Transcribe, exactly and without pictures, the lines below from the line with "הבית על האגם" to the line with "مرجع متخصصين ايران", both ends included, and no others.

PROVIDED RECORDS
━━━━━━━━━━

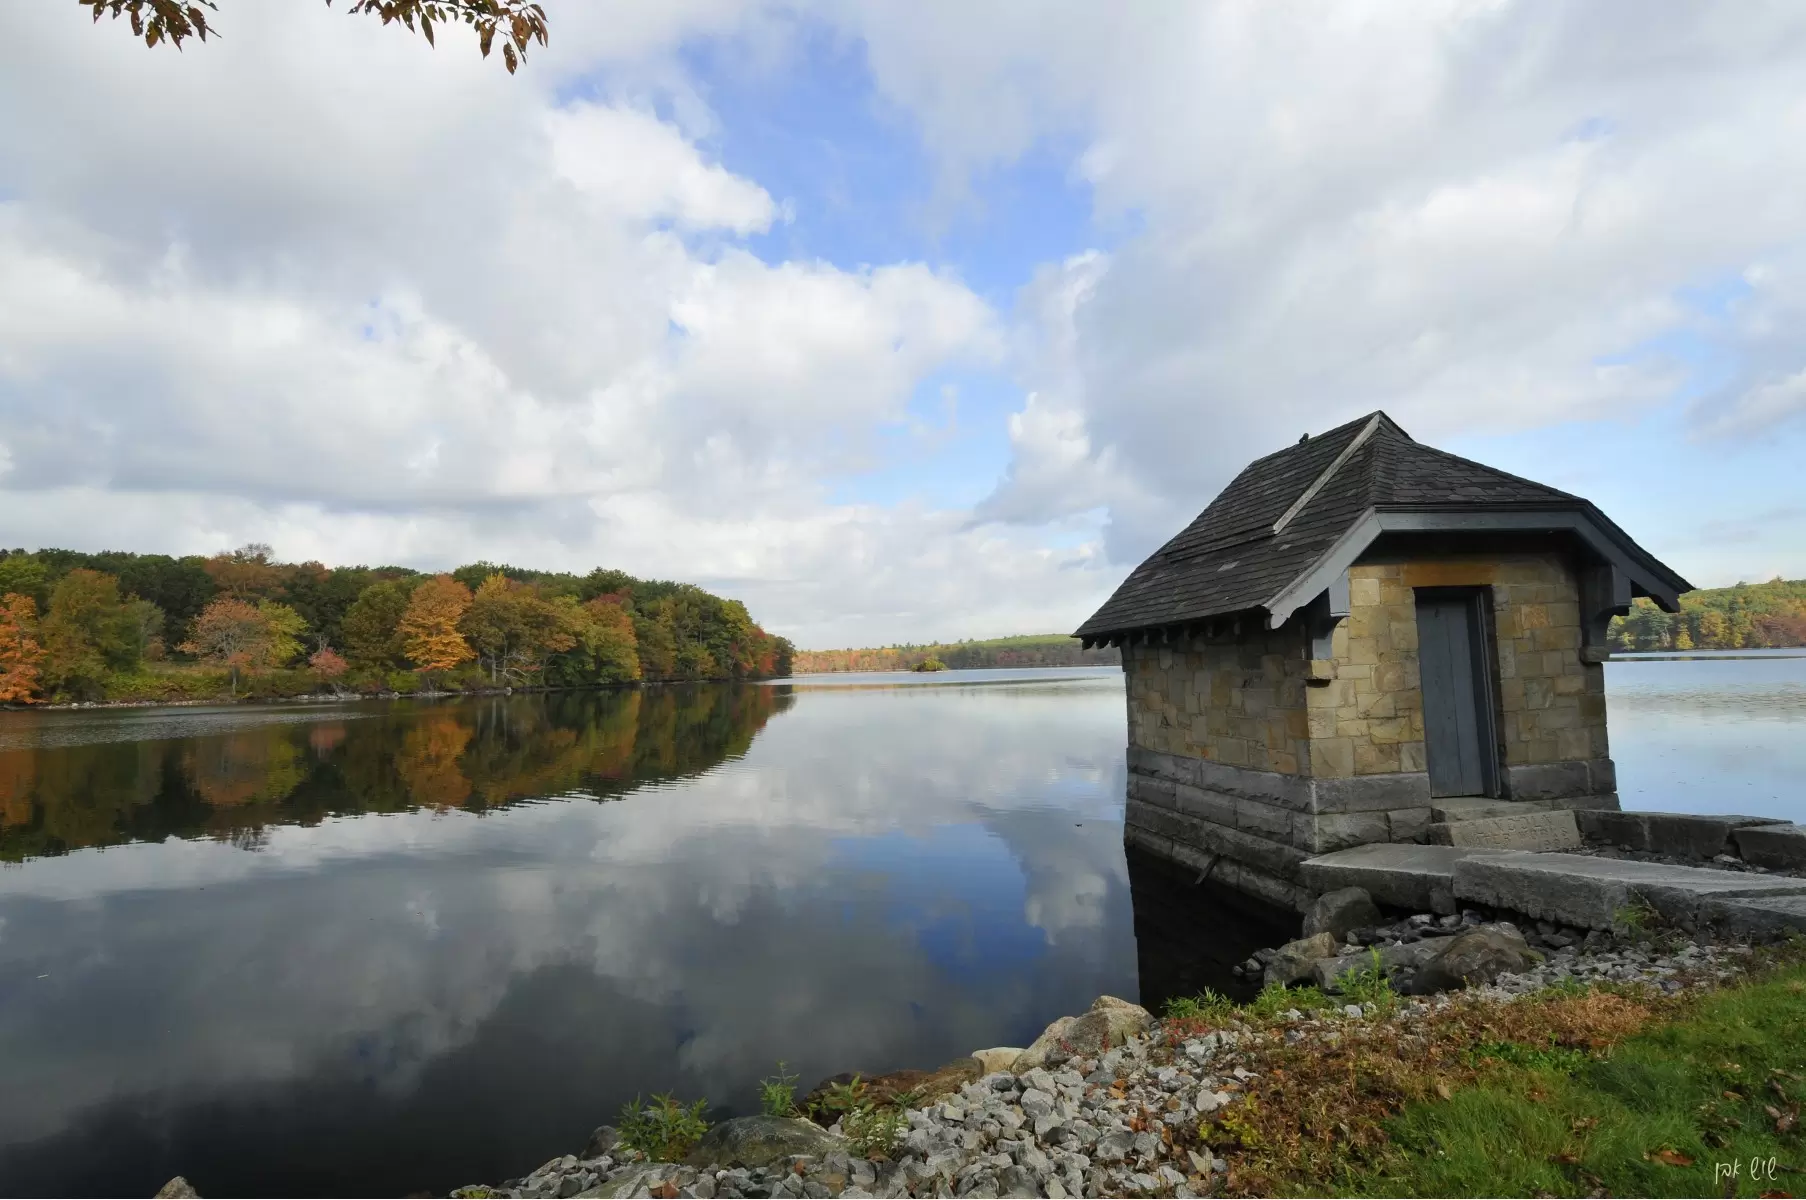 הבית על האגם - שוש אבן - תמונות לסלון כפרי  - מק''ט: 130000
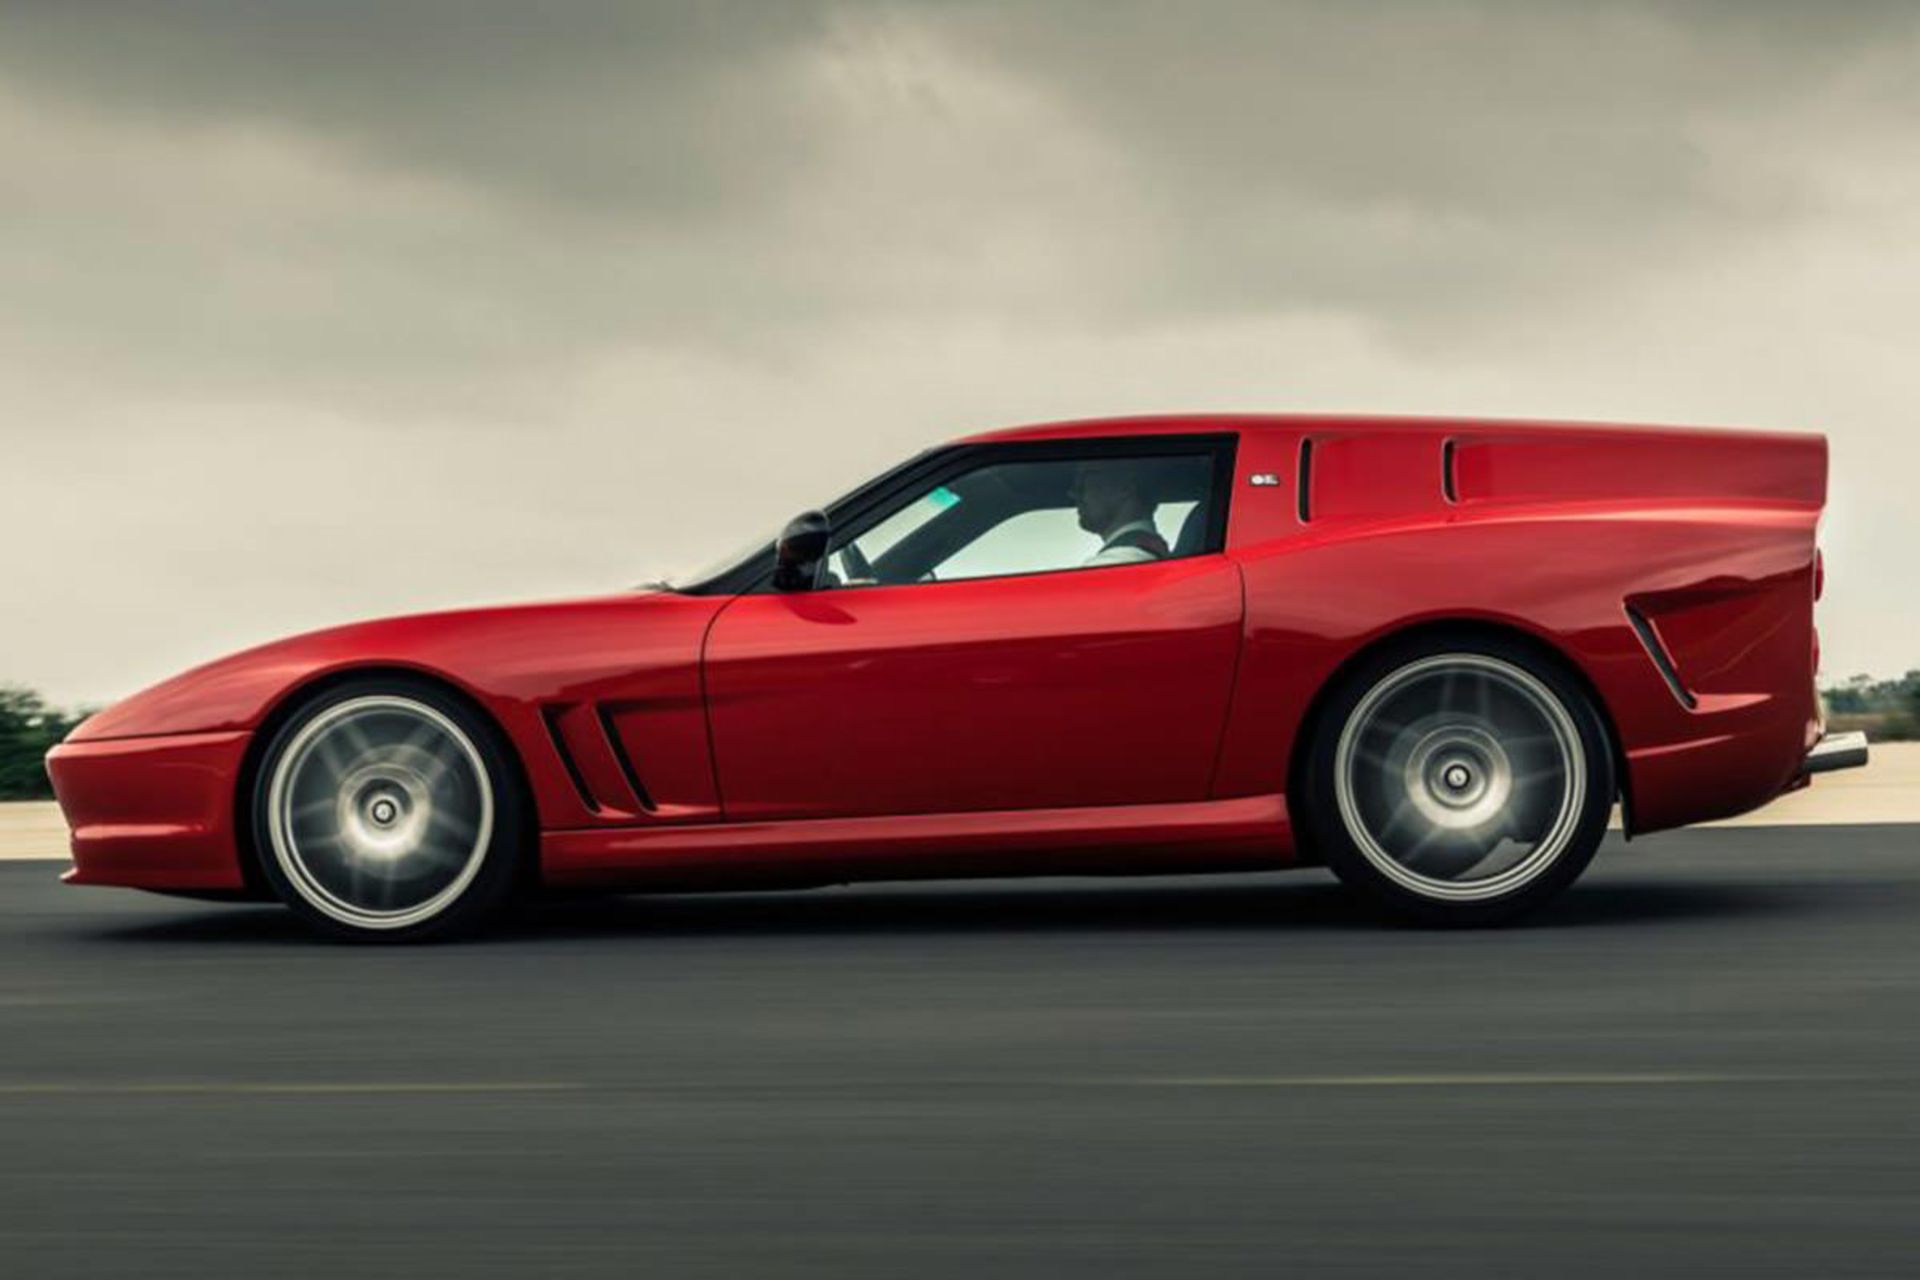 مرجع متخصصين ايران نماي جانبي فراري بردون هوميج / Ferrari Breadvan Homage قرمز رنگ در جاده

━━━━━━━━━━

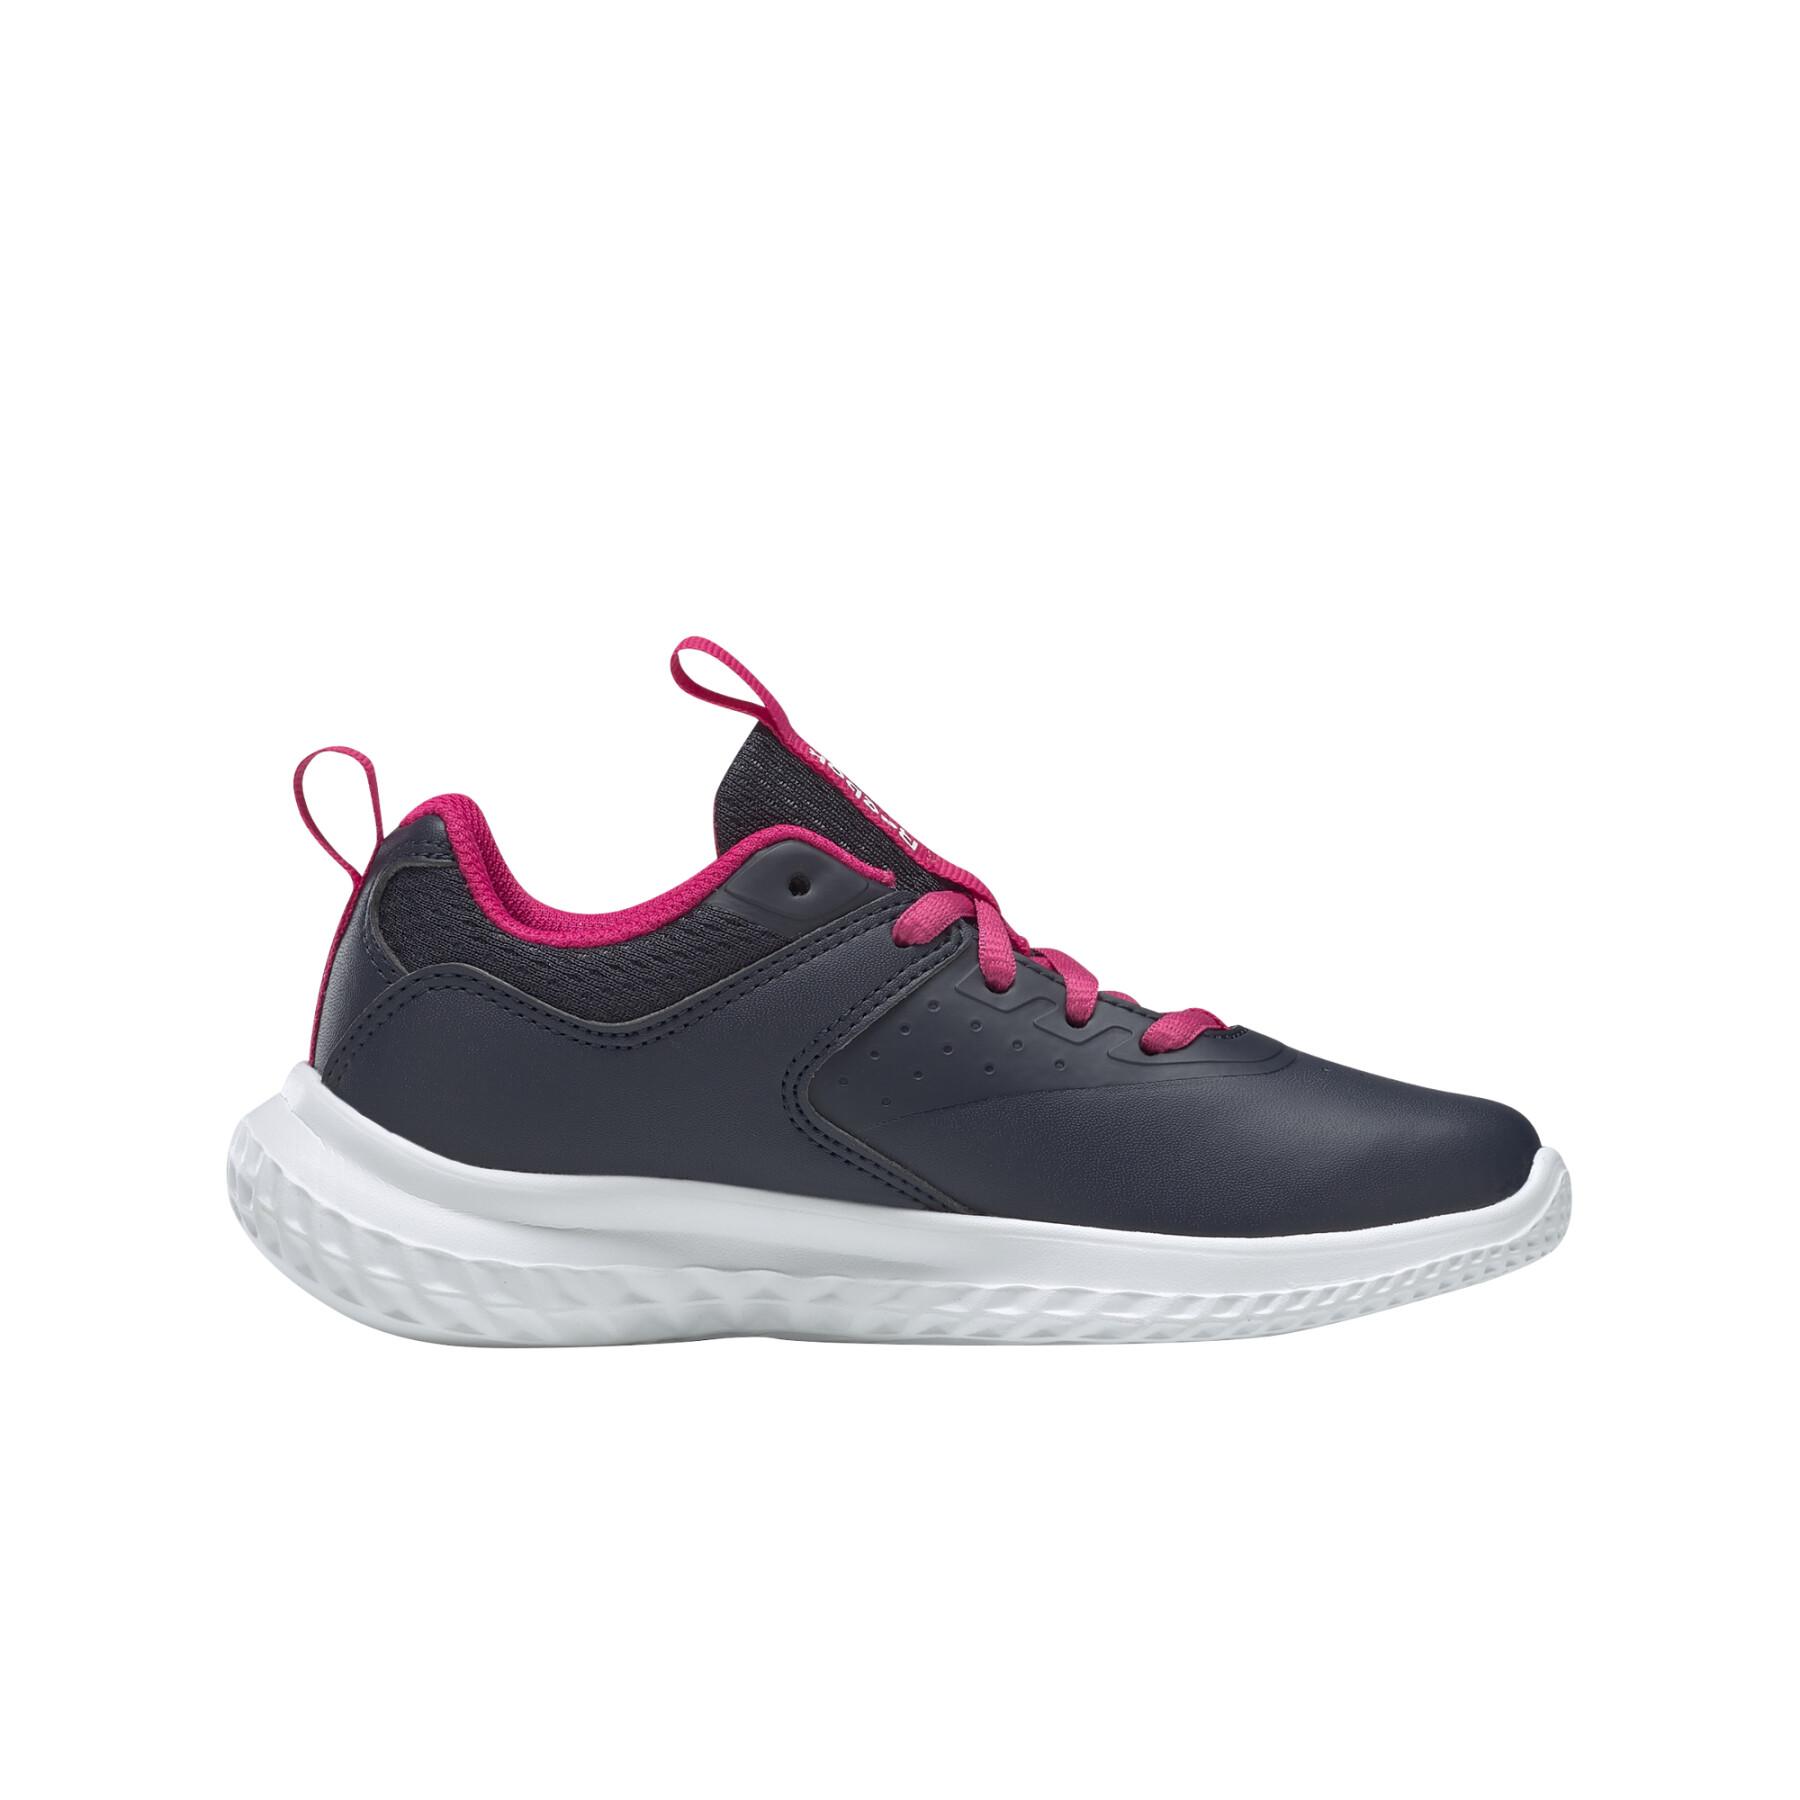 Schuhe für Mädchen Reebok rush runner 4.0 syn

━━━━━━━━━━

WRITTEN SOLUTION
 הבית על האגם - שוש אבן - תמונות לסלון כפרי  - מק''ט: 130000
 مرجع متخصصين ايران نماي جانبي فراري بردون هوميج / Ferrari Breadvan Homage قرمز رنگ در جاده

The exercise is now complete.